## TASK TO CARRY OUT
Please repeat exactly the line containing "Image of two" and each line after it in the records below, through the last.

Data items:
--------------------------------
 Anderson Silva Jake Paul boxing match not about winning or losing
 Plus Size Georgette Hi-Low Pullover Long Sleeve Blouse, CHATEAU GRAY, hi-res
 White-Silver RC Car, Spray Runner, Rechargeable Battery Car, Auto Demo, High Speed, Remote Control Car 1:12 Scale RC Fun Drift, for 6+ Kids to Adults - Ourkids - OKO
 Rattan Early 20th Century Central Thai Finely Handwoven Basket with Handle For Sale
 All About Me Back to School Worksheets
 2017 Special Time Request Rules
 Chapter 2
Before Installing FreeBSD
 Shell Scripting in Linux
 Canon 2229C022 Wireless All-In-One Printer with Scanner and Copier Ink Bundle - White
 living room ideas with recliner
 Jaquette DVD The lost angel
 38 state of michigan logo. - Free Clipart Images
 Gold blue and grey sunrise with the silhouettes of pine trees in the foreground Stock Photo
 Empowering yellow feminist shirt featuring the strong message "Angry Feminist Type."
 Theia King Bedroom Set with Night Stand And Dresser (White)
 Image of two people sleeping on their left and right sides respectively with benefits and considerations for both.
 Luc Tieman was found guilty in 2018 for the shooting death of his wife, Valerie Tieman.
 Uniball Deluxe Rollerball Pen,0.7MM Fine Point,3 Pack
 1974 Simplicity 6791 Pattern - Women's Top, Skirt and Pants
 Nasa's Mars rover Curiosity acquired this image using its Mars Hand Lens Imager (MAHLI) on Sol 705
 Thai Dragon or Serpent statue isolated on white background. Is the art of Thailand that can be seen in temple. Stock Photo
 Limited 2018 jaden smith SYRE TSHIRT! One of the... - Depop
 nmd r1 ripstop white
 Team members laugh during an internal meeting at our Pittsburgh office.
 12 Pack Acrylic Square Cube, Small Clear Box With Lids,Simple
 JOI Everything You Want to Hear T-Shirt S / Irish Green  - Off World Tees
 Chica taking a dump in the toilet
--------------------------------
## ANSWER TO THIS PROBLEM
 Image of two people sleeping on their left and right sides respectively with benefits and considerations for both.
 Luc Tieman was found guilty in 2018 for the shooting death of his wife, Valerie Tieman.
 Uniball Deluxe Rollerball Pen,0.7MM Fine Point,3 Pack
 1974 Simplicity 6791 Pattern - Women's Top, Skirt and Pants
 Nasa's Mars rover Curiosity acquired this image using its Mars Hand Lens Imager (MAHLI) on Sol 705
 Thai Dragon or Serpent statue isolated on white background. Is the art of Thailand that can be seen in temple. Stock Photo
 Limited 2018 jaden smith SYRE TSHIRT! One of the... - Depop
 nmd r1 ripstop white
 Team members laugh during an internal meeting at our Pittsburgh office.
 12 Pack Acrylic Square Cube, Small Clear Box With Lids,Simple
 JOI Everything You Want to Hear T-Shirt S / Irish Green  - Off World Tees
 Chica taking a dump in the toilet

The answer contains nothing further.